While much work at Pindrop research has gone into developing tools for accurate deepfake detection, we believe that more can be done to protect users from malicious or misleading use of deepfakes. One such path is to use digital audio watermarking to aid the distinction between live and synthetically generated speech. The vision here is that all synthetically generated speech is watermarked but like any other opportunity, it does not come without its own challenges. Most watermarking technology has been applied to images and it is already used for AI generated images1.
Here we introduce the basics of audio watermarking and discuss the particular challenges that arise if this was to be used for speech at call-centers. In summary, the use of watermarking would be a good start but it will not alone solve potential threats posed by deepfake speech for two reasons. First, there is an implicit assumption that all deepfakes will be watermarked, which will be difficult to enforce and second, the acoustic and phone channel degradations makes watermarking more vulnerable to attacks. It’s not surprising that researchers at University of Maryland found it easy to evade current methods of watermarking. Multiple academic institutions shared their skepticism on the efficacy of watermarking, in the same article in WIRED 2 that outlined the University of Maryland findings. Therefore, at Pindrop we believe that watermarking, especially in the context of audio for contact centers, is not fool proof and should be considered in combination with other advanced deepfake protection tools.
What is digital audio watermarking?
Audio watermarking describes the insertion (or encoding) of a signature signal (watermark) to an audio recording. Much of the watermarking development targets copyright protection of music. A related field is steganography, where the audio signal is used to carry hidden information.

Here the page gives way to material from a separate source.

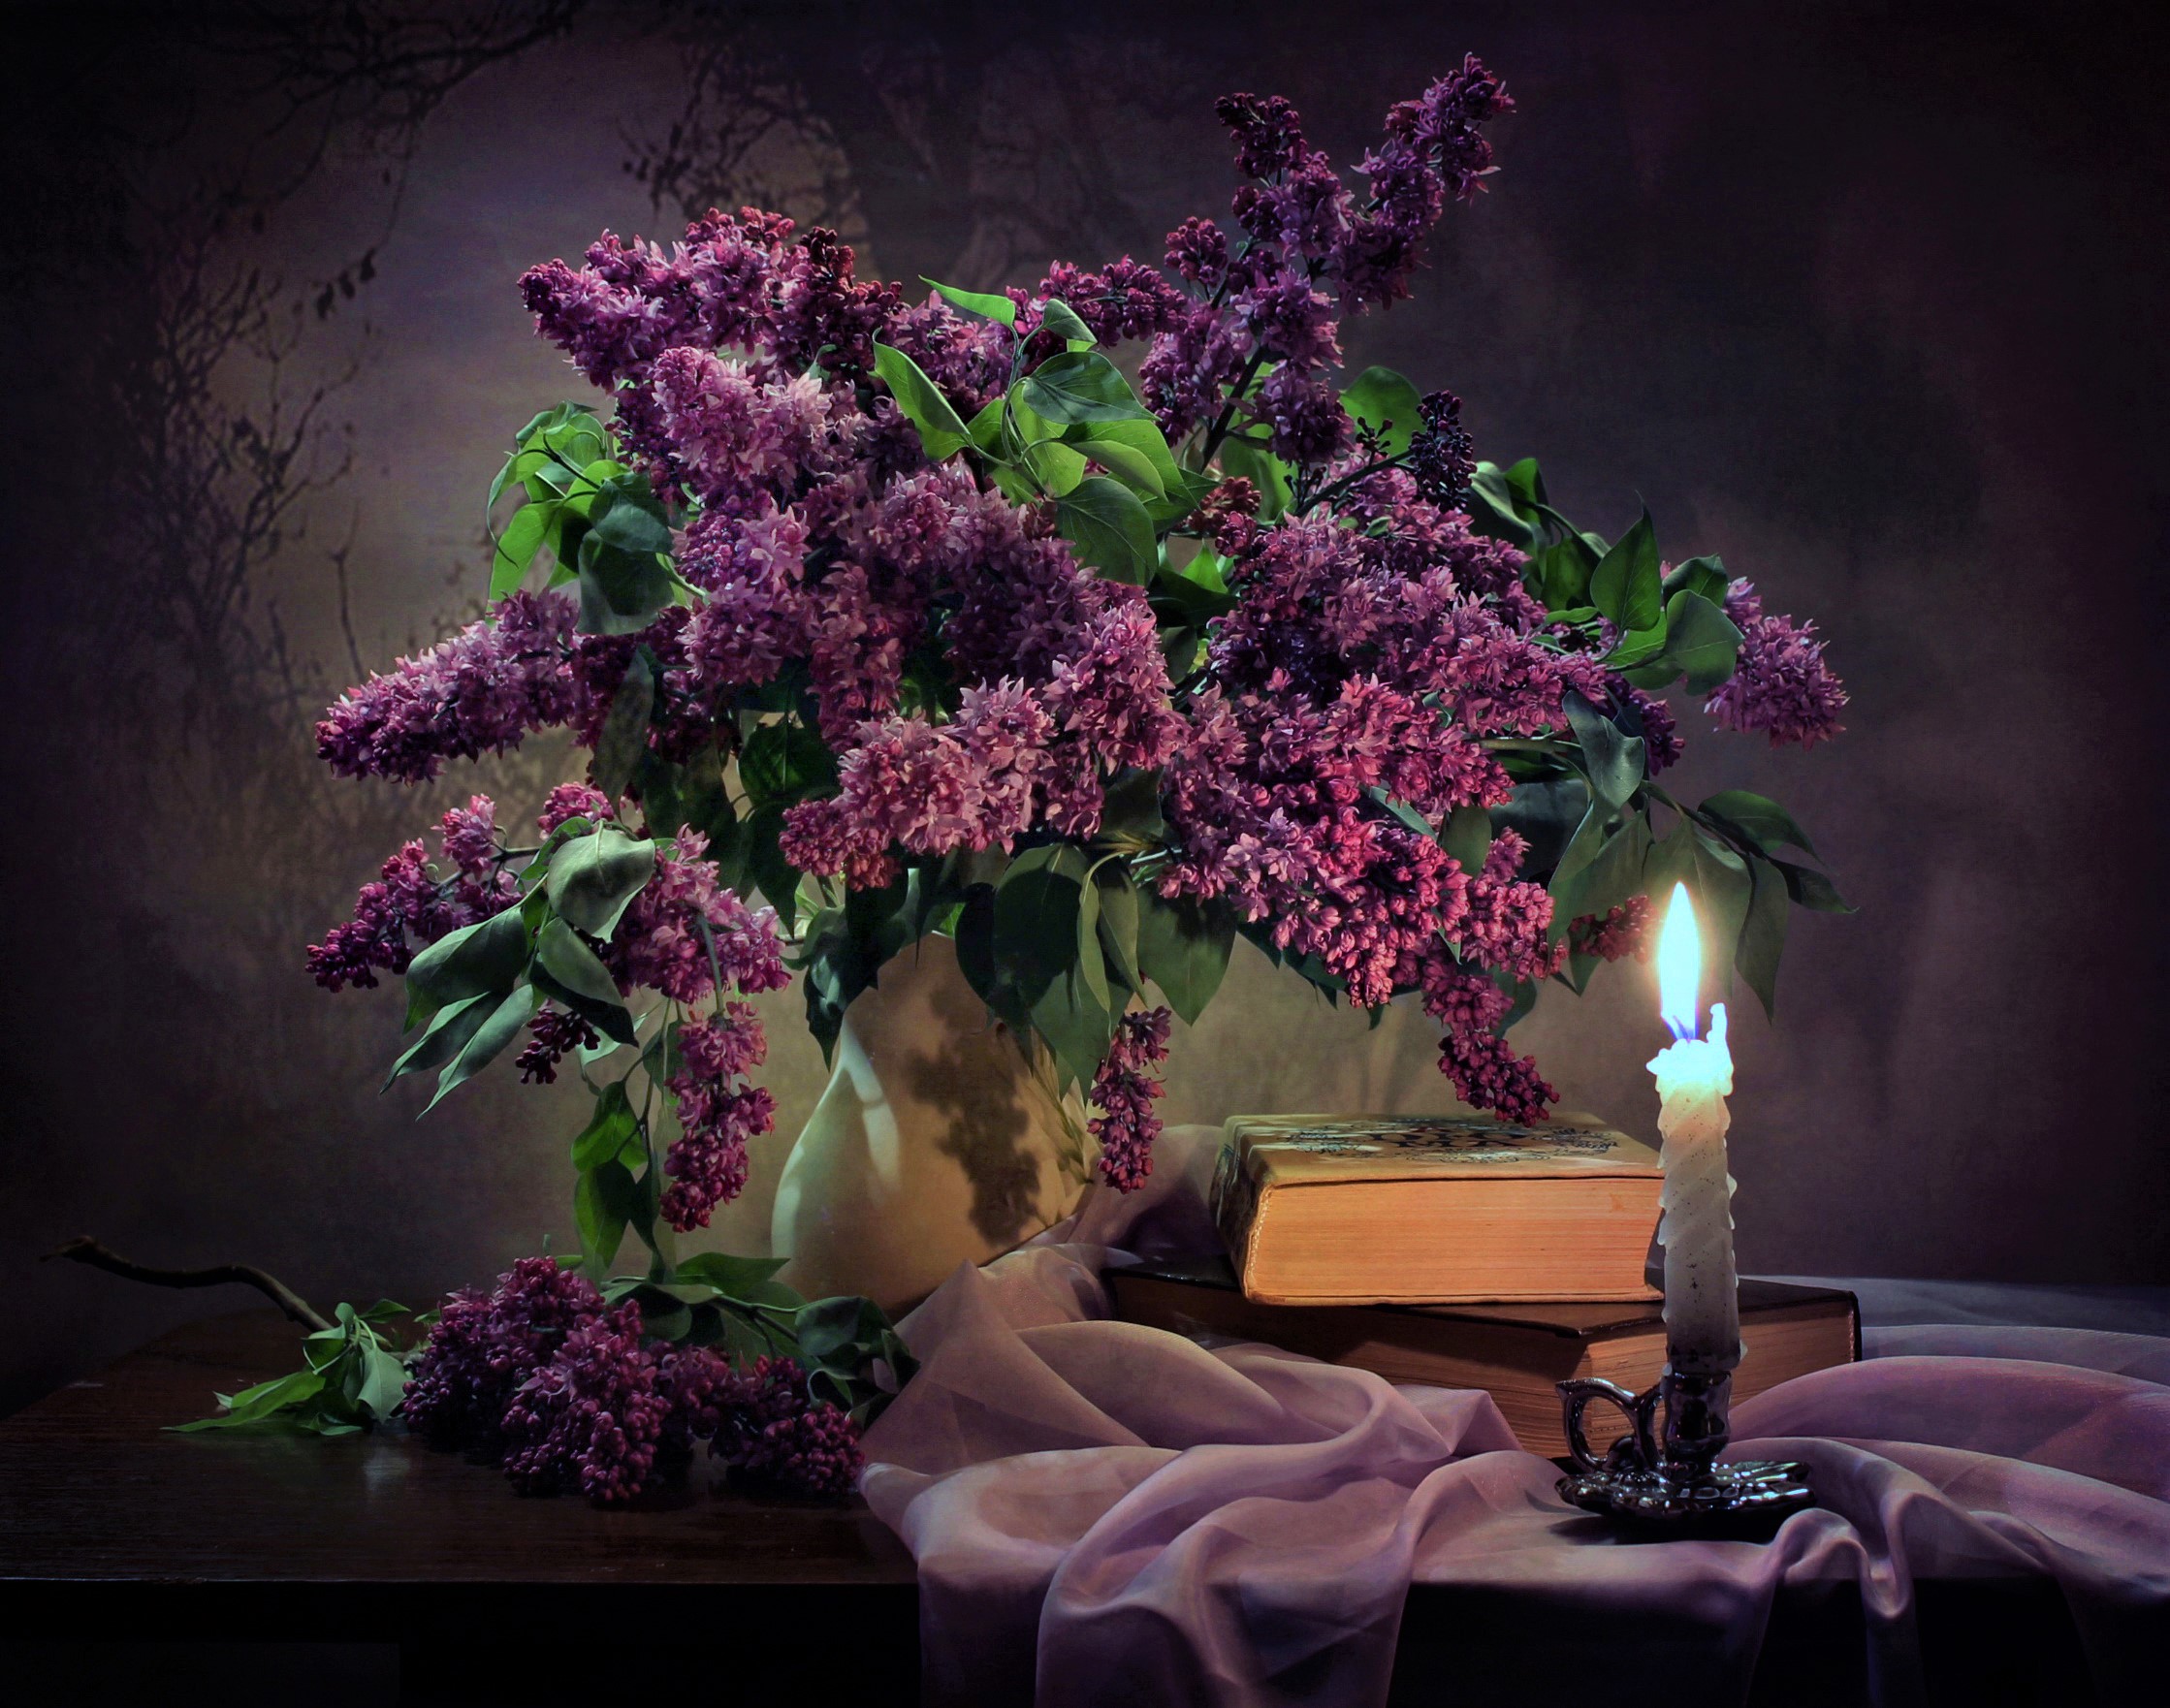 Book Candle Lilac Pink Flower Scarf Still Life Vase 2238x1762
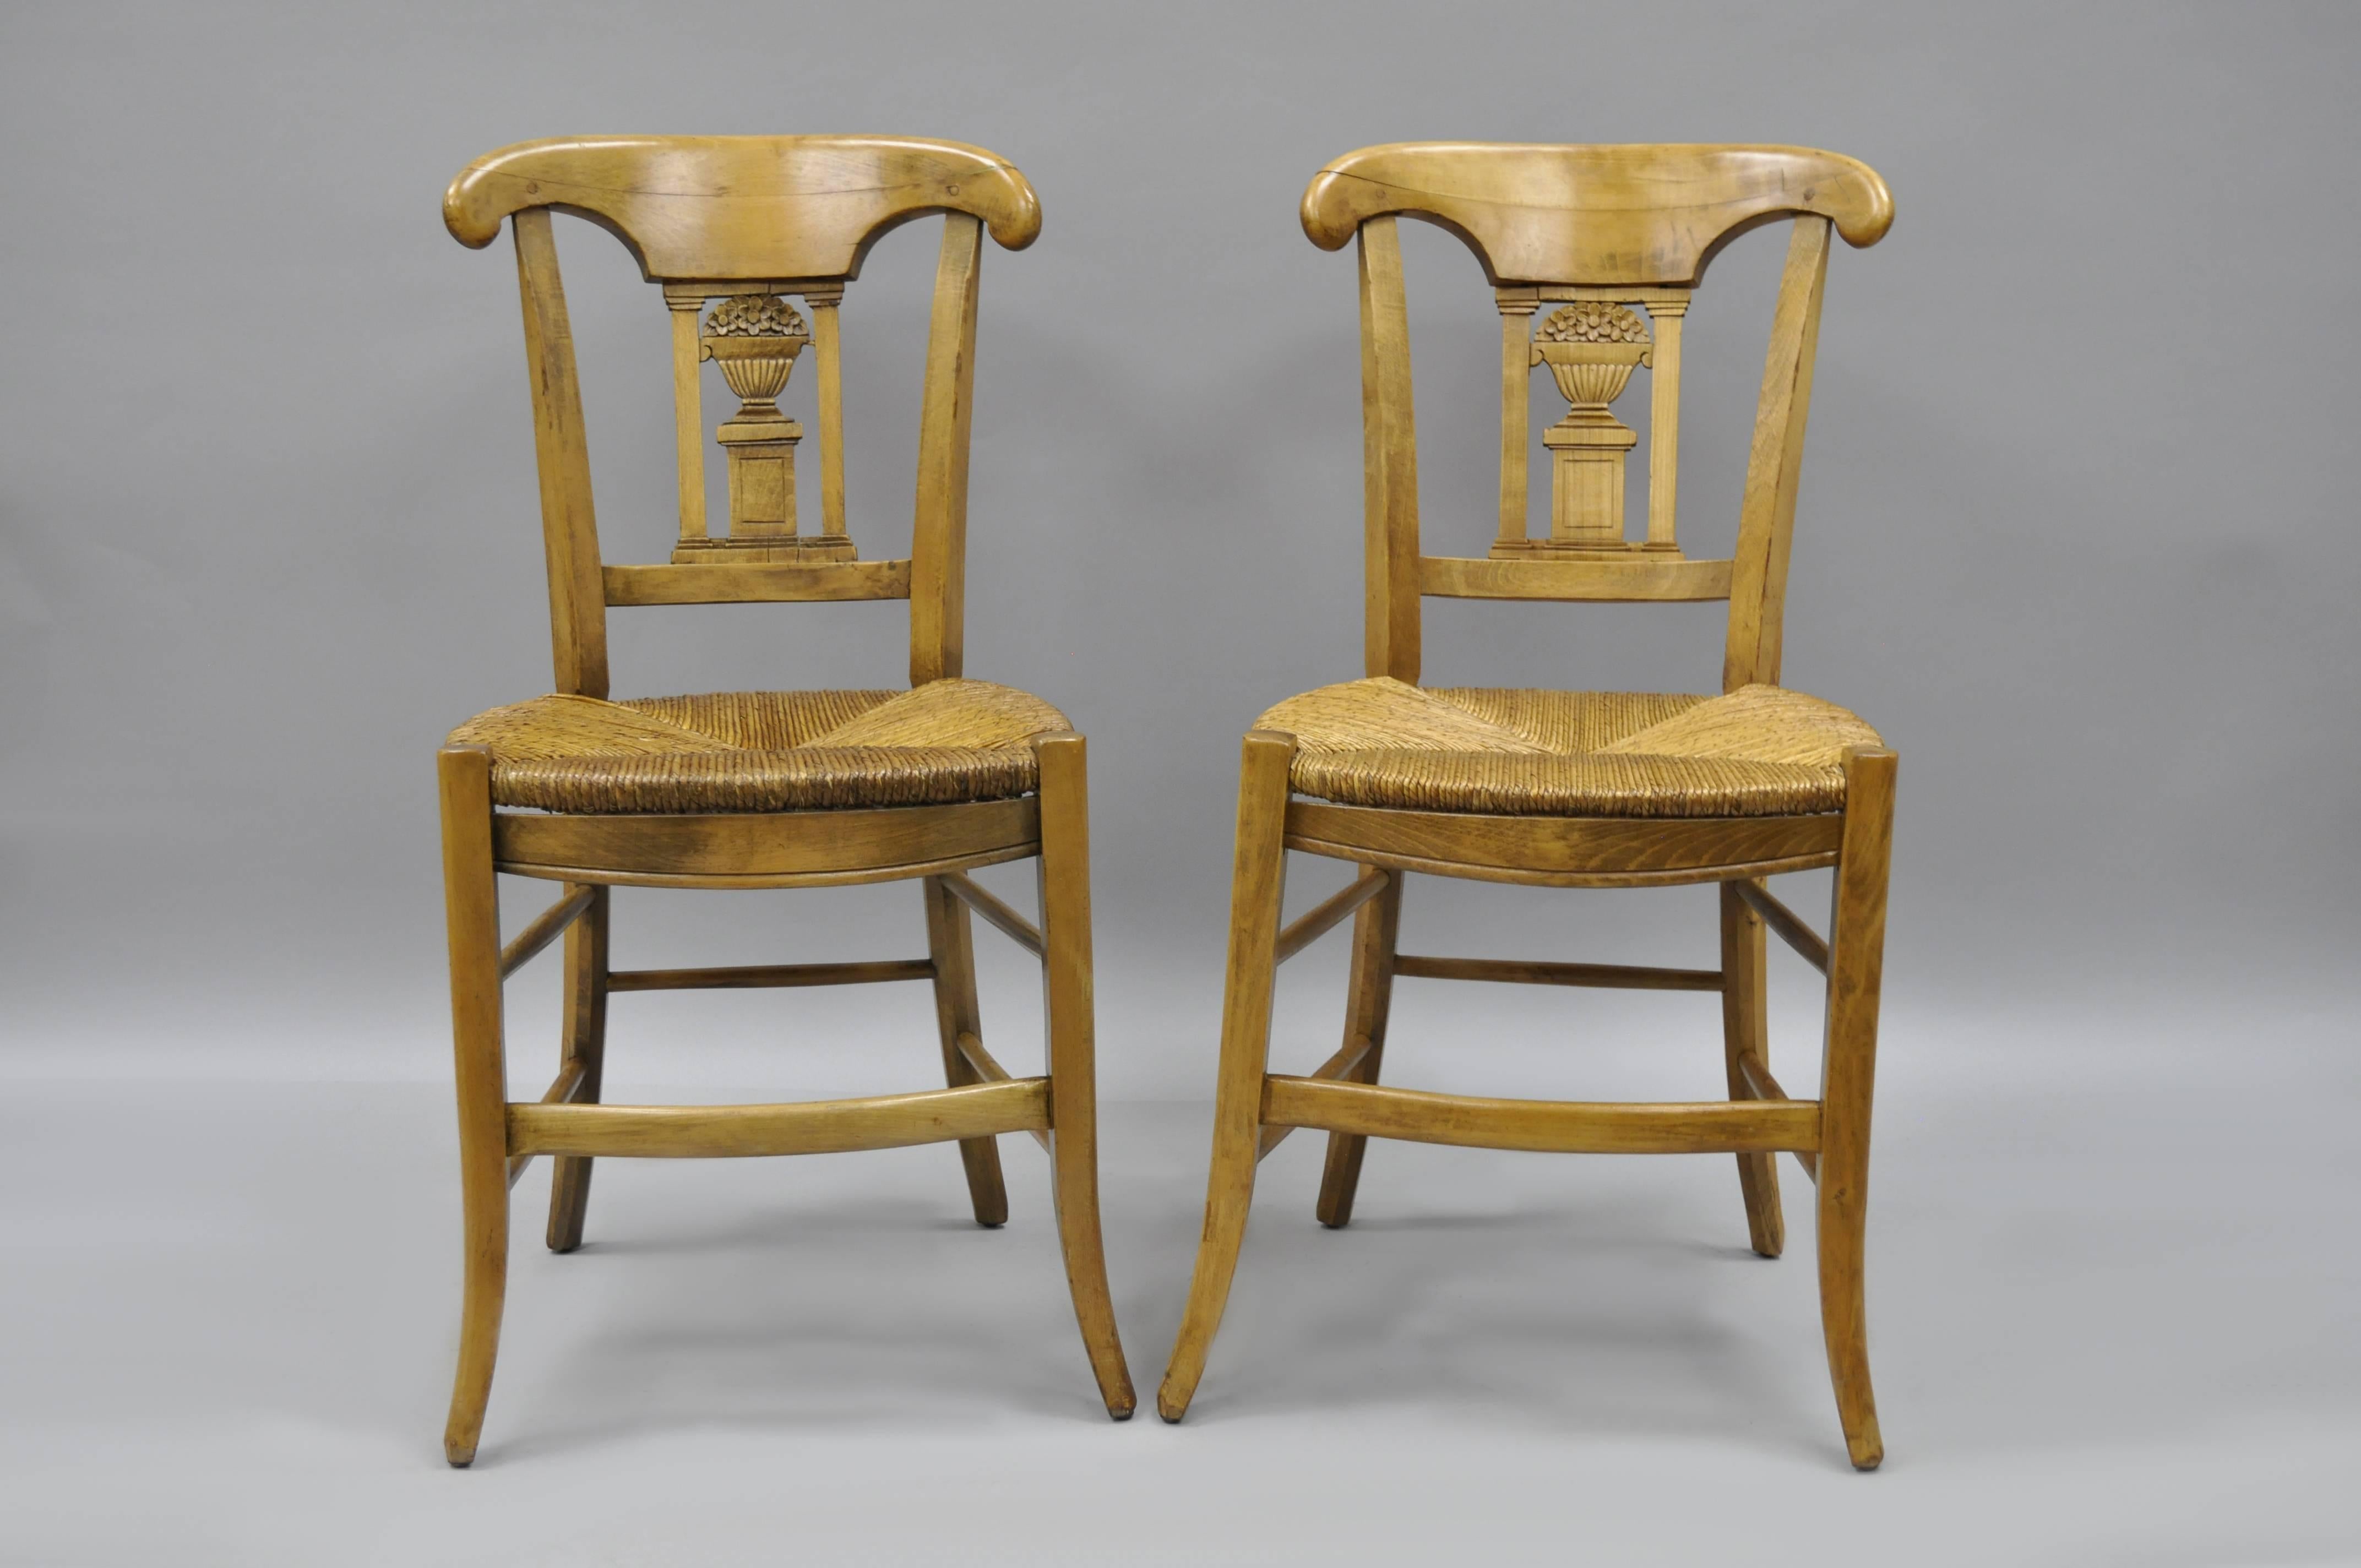 Cherrywood Primitive Country French Dining Chairs Woven Rush Seats Set of Four 3

A watermark must be added in a strategically subtle way so as to be both imperceptible to the human ear (otherwise it will impact the quality of the host audio) as well as detectable by a decoding algorithm.
The decoding algorithm exploits knowledge of how and where the watermark has been encoded in the signal to reveal its presence; it may also require a secret digital key if one has been used as part of the encoding process.
The process must be robust to degradations of the watermarked signal. For instance, a music decoding algorithm must be capable of revealing a watermark even if the audio has been compressed or altered (e.g., uploading to YouTube). Finally, depending on how much information we wish to store via watermarking, the capacity can also become a constraint. A watermark must achieve a balance between robustness and imperceptibility (i.e., increasing the watermark intensity will make it more robust, but it can also make it perceptible).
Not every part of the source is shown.